Ceci dit, après avoir un peu trop pris le train sur une courte période et parfois même l'avoir raté, je suis loin d'être resté sur le quai...

# Posté le samedi 22 avril 2006 13:40

Modifié le dimanche 22 juillet 2007 05:46

Avant l'été 2005 et la pénurie de drogue, te souviens-tu de l'époque où faire un blog n'était pas à la mode?

Avant l'été 2005 et la pénurie de drogue, te souviens-tu de l'époque où faire un blog n'était pas à la mode?
En ce temps là le monde parraissait plus petit et à défaut de passer dans le Loft pour etre une star, un abri-bus, un mur, un banc et un marker chouré chez Leroy Merlin ou une bombe de peinture suffisait à assurer notre notoriété.

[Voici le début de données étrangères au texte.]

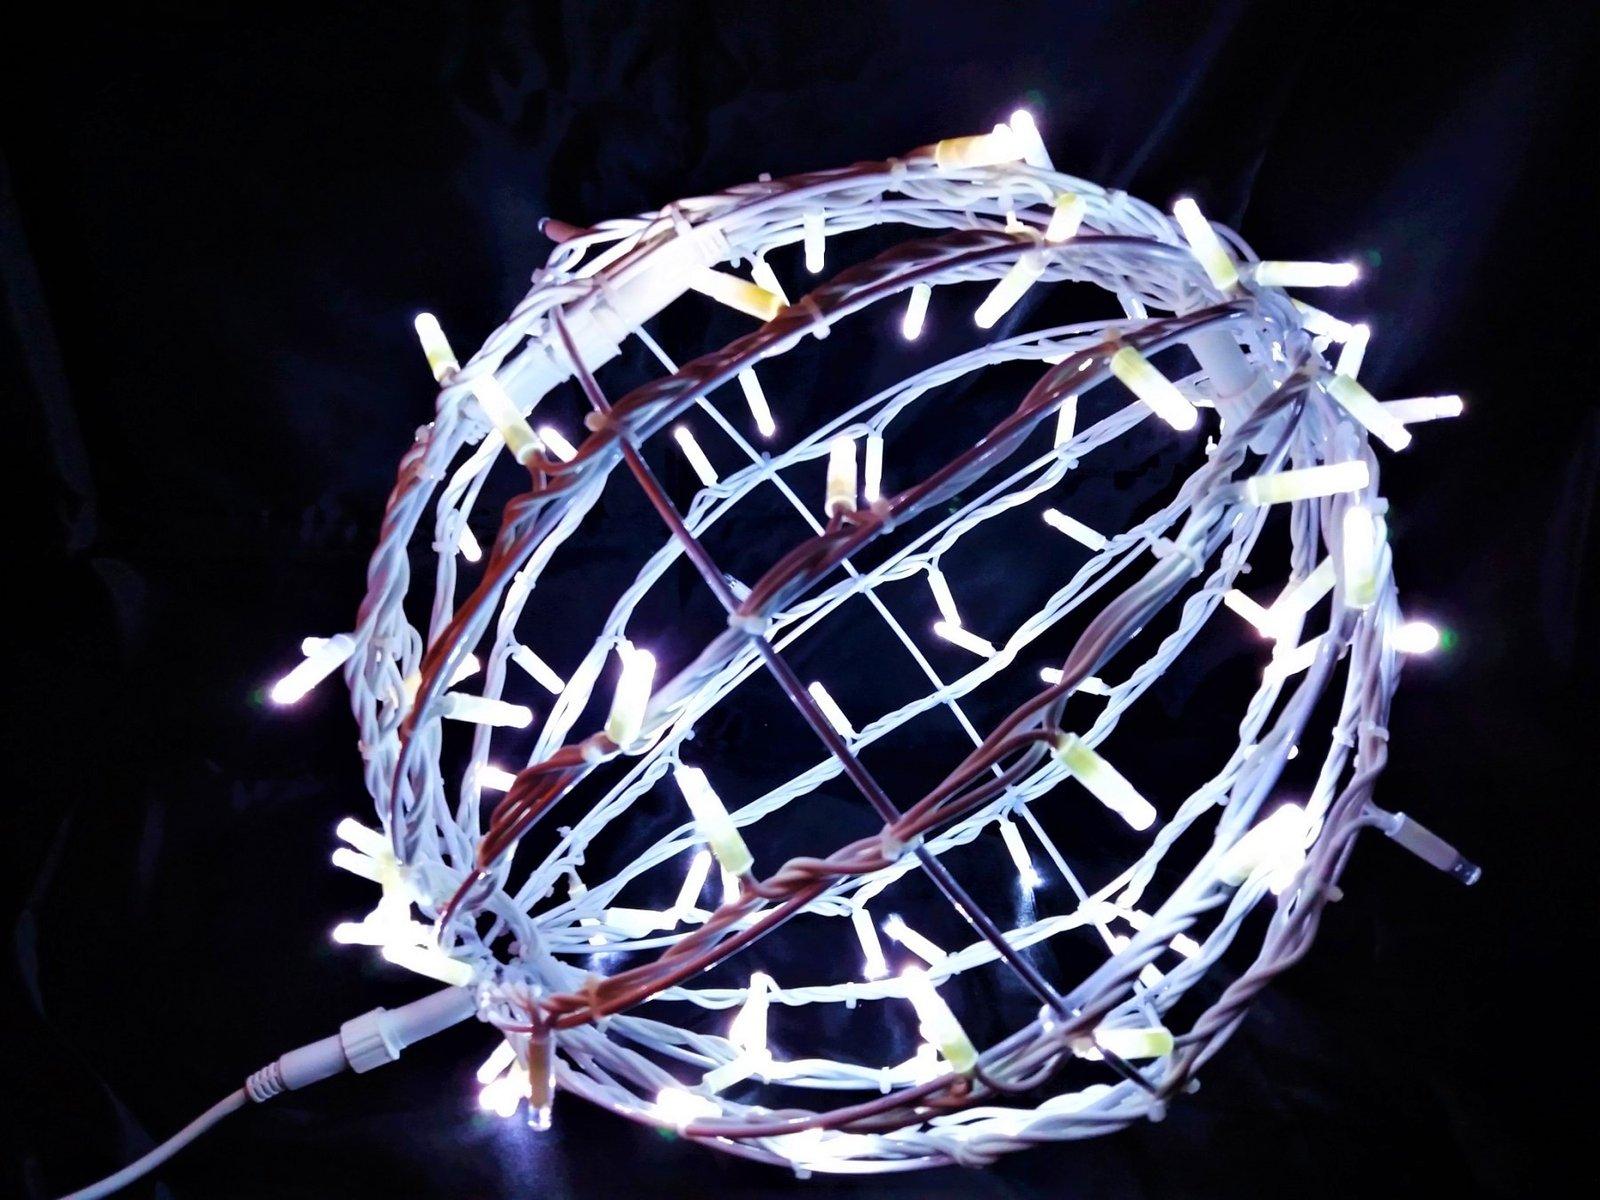 красивые уличные гирлянды в Мелитополе, купить уличные гирлянды Мелитополь, новогодние уличные гирлянды где купить Мелитополь, гирлянды на улицу для украшения нового года

A cette époque nos parents laissaient trainer leur fils pour qu'il aille, sans rémission, foutre le dawa niquer la rhala et shooter babylon, parce qu'on voulait du hardcore jusqu'à la mort... Pourtant jusqu'ici, quand on me disait "j'ai récupéré un Desert Eagle 357 mag avec retour de culasse compensé pour atténuer le recul" c'était parce qu'on parlait de Doom ou Silent Hill. Faut dire aussi que peu de temps avant, on se racontait encore les doubles-appels de Difool qu'on avait écouté le soir d'avant et ils ont été nombreux autour de moi à avoir leur tuner réglé sur 94.1 pendant un petit bout de temps.

Fût-un temps pour pas se faire choper par les darons quand on bronzait de la tête avec juste une bouteille d'eau, un marker éventré, une barre de chocolat et un briquet, on allait jusqu'à la CAT pour cracher nos poumons en se croyant dans un film d'horreur ricain des années 70 vu le paysage (silo désaffecté coincé entre une usine en briques et en friche, des jardins ouvriers mal entretenus, une voie férrée et un cimetiere... BRRR ! ), en se prenant pour des oufs, voir des guedins (limite quoi!) mais les seules seringues qu'on voyait à cette époque c'était quand on faisait son rappel pour le R.O.R. Nous, on se faisait une soirée inoubliable avec 2 bouteilles de coca et 12 cannettes de 33 export pour 15 personnes dans 10 mètres carrés, on mettait la musique à fond et nous, on parlait encore plus fort, et que si en plus on avait de quoi prendre des photos ou un peu de crédit pour appeller en anonyme du portable de nos parents on devenait dingues. L'après midi si on voulait faire un foot, on faisait des parties à 22 contre 22, on se taclait au niveau de la gorge et on en rigolait. Les seuls moments où ça devenait houleux, c'est quand on devait décider de qui ira chercher le ballon tombé dans la petite rivière en contre-bas. Mais on avait tellement de conneries à faire et raconter qu'on avait même pas l'idée de mal parler d'une personne qu'on aime à une autre personne qu'on aime, juste pour lui faire croire qu'on l'aime plus, elle, que l'autre (ça suit derrière?).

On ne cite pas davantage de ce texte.